== Segment start ==
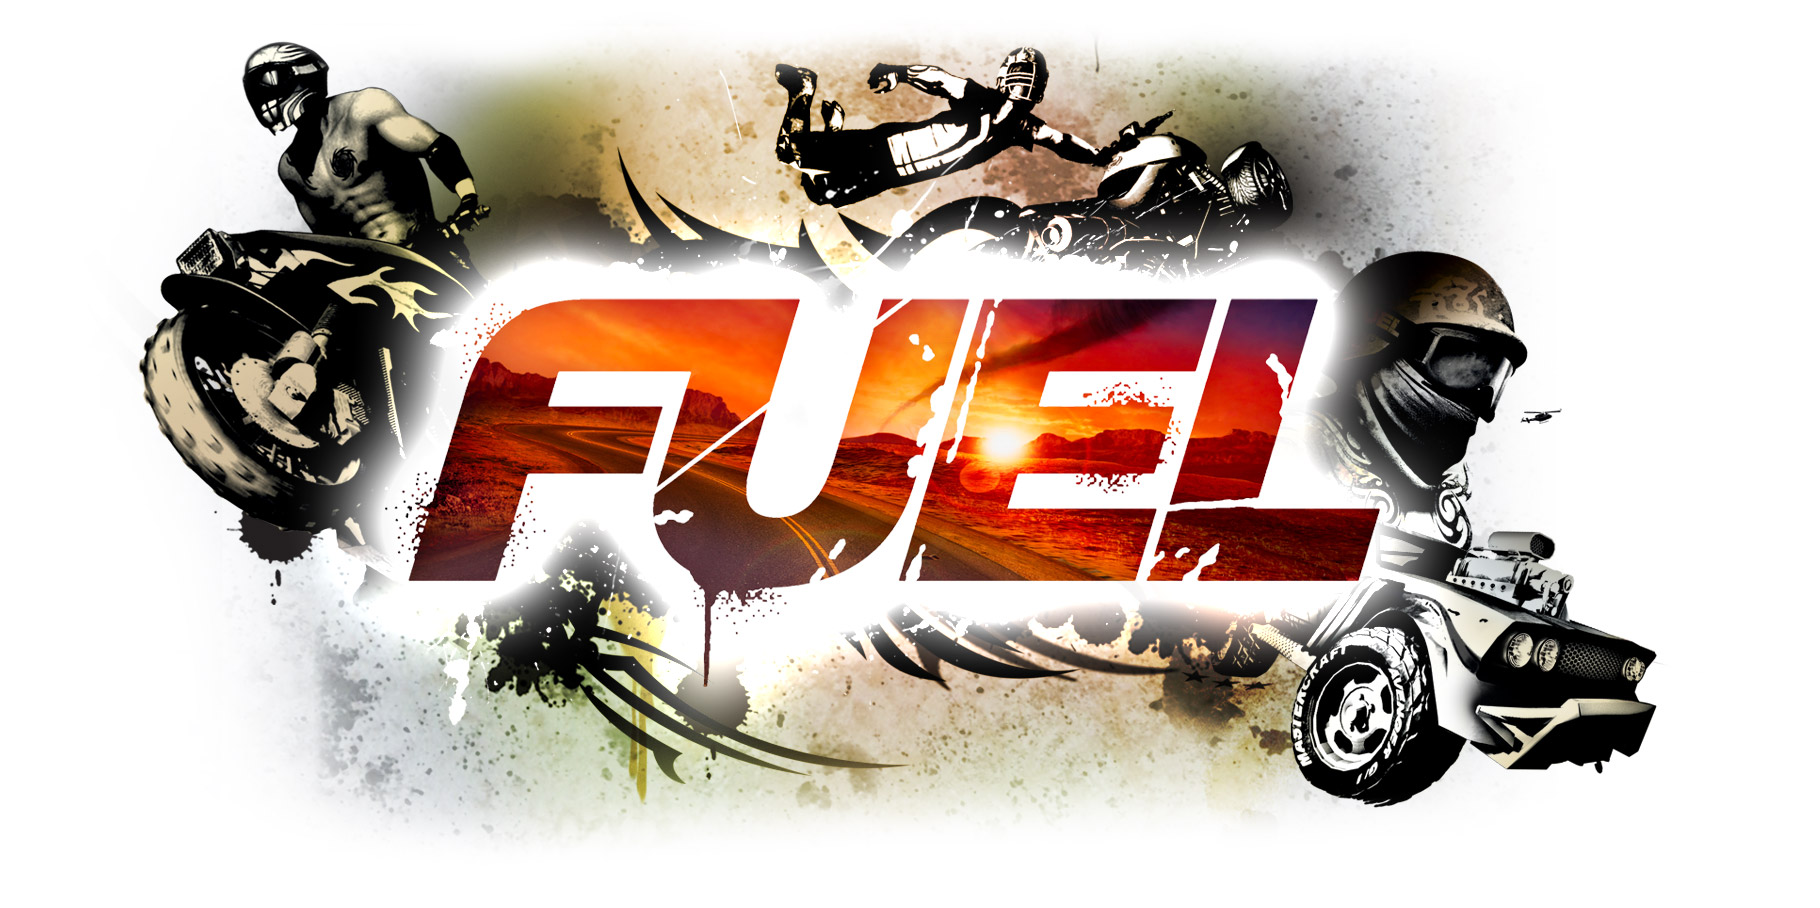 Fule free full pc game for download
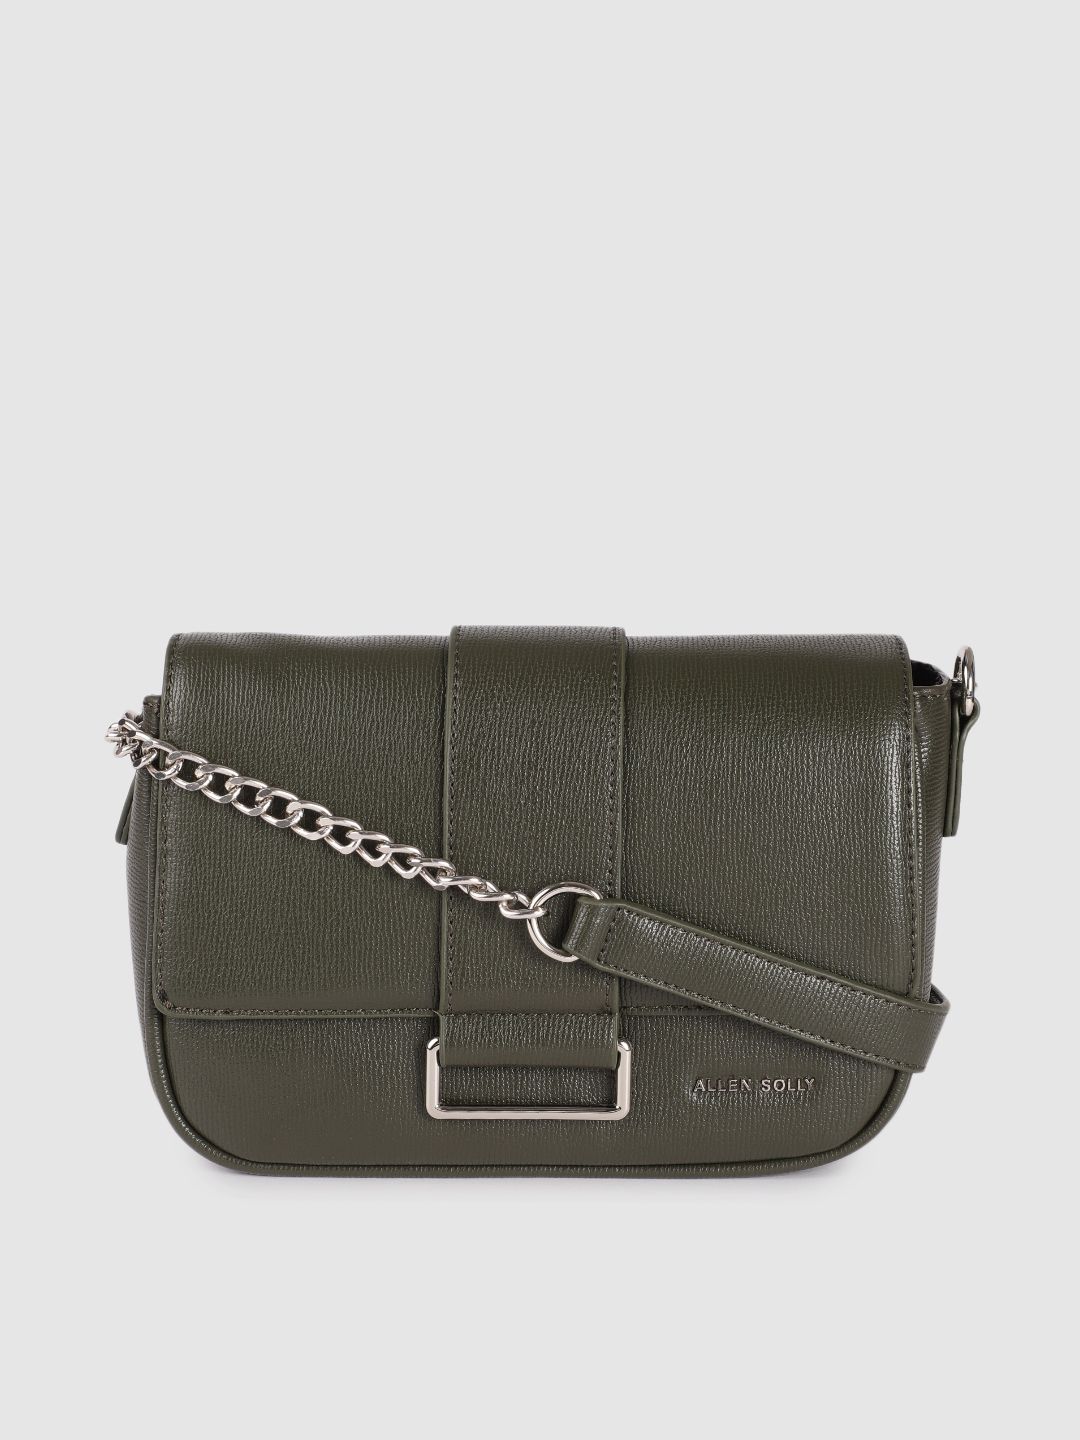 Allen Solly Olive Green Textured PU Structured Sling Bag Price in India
== Segment end ==
== Segment start ==
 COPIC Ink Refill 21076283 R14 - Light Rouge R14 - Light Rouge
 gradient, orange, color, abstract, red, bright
== Segment end ==
== Segment start ==
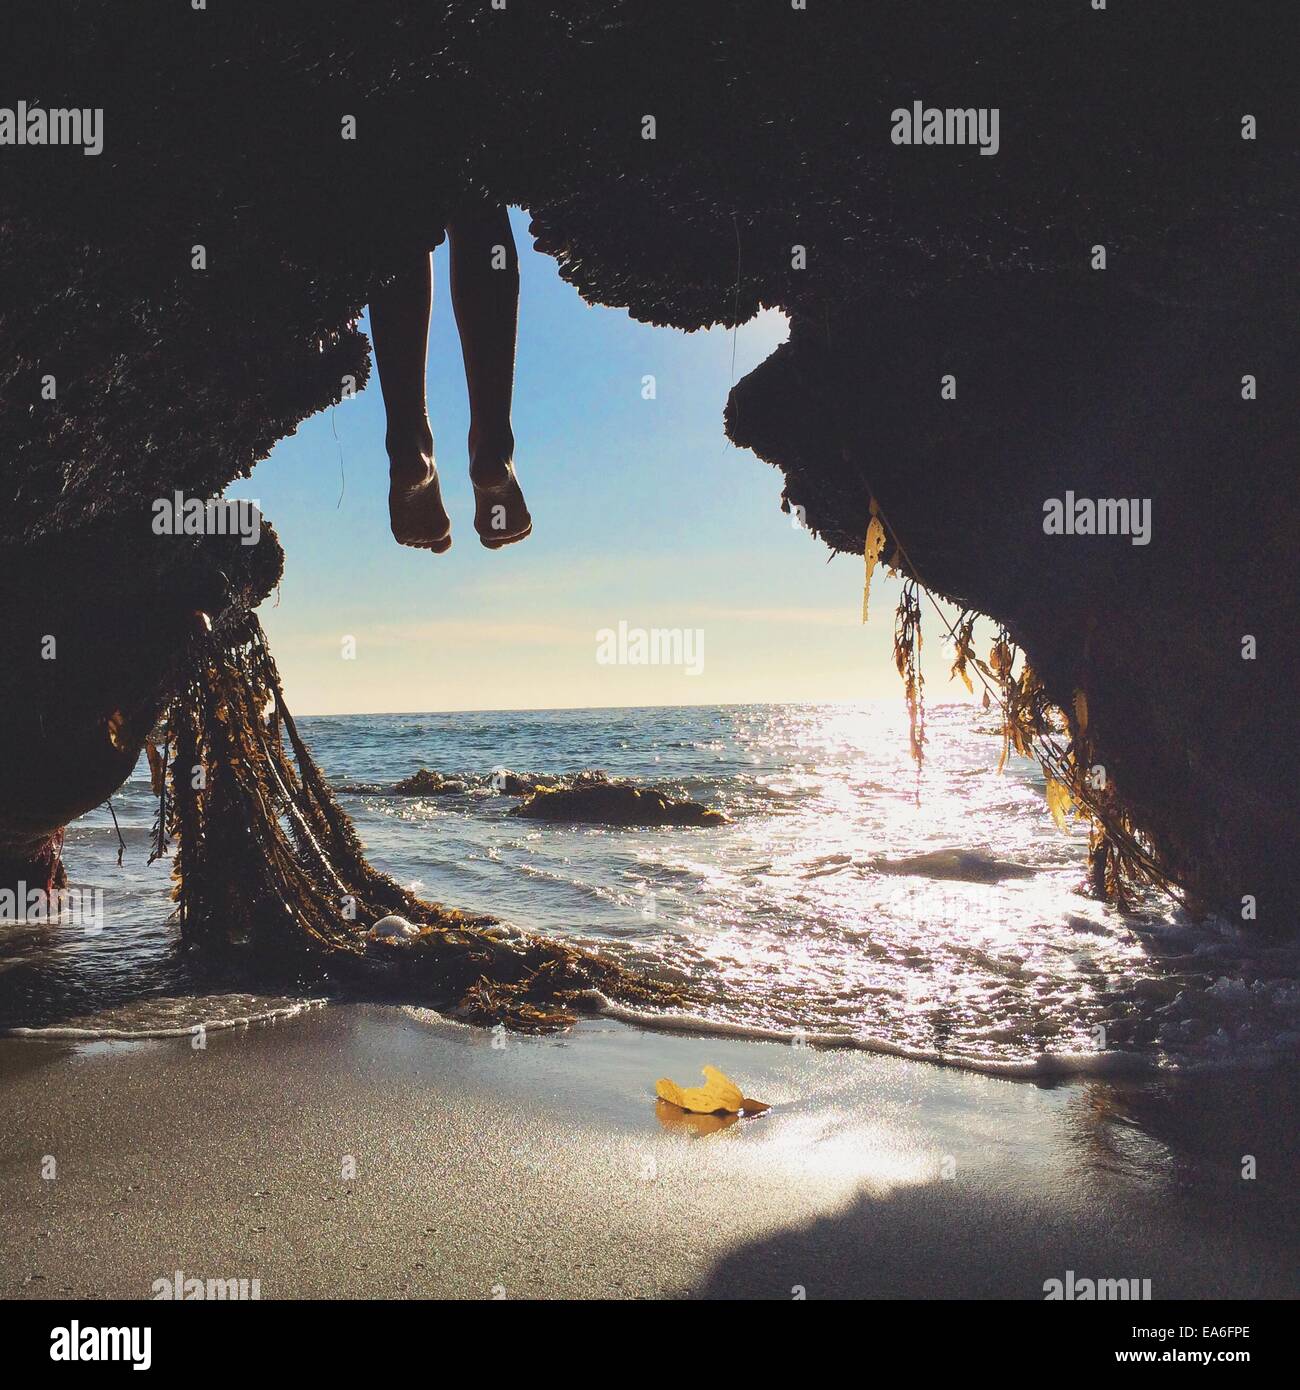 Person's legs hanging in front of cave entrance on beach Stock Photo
== Segment end ==
* **Work task**
Set down only the lines above that fall between the line holding "COPIC Ink Refill" and the line holding "gradient, orange, color, abstract, red, bright", inclusive, keeping each exact.

* **Output for this task**
 COPIC Ink Refill 21076283 R14 - Light Rouge R14 - Light Rouge
 gradient, orange, color, abstract, red, bright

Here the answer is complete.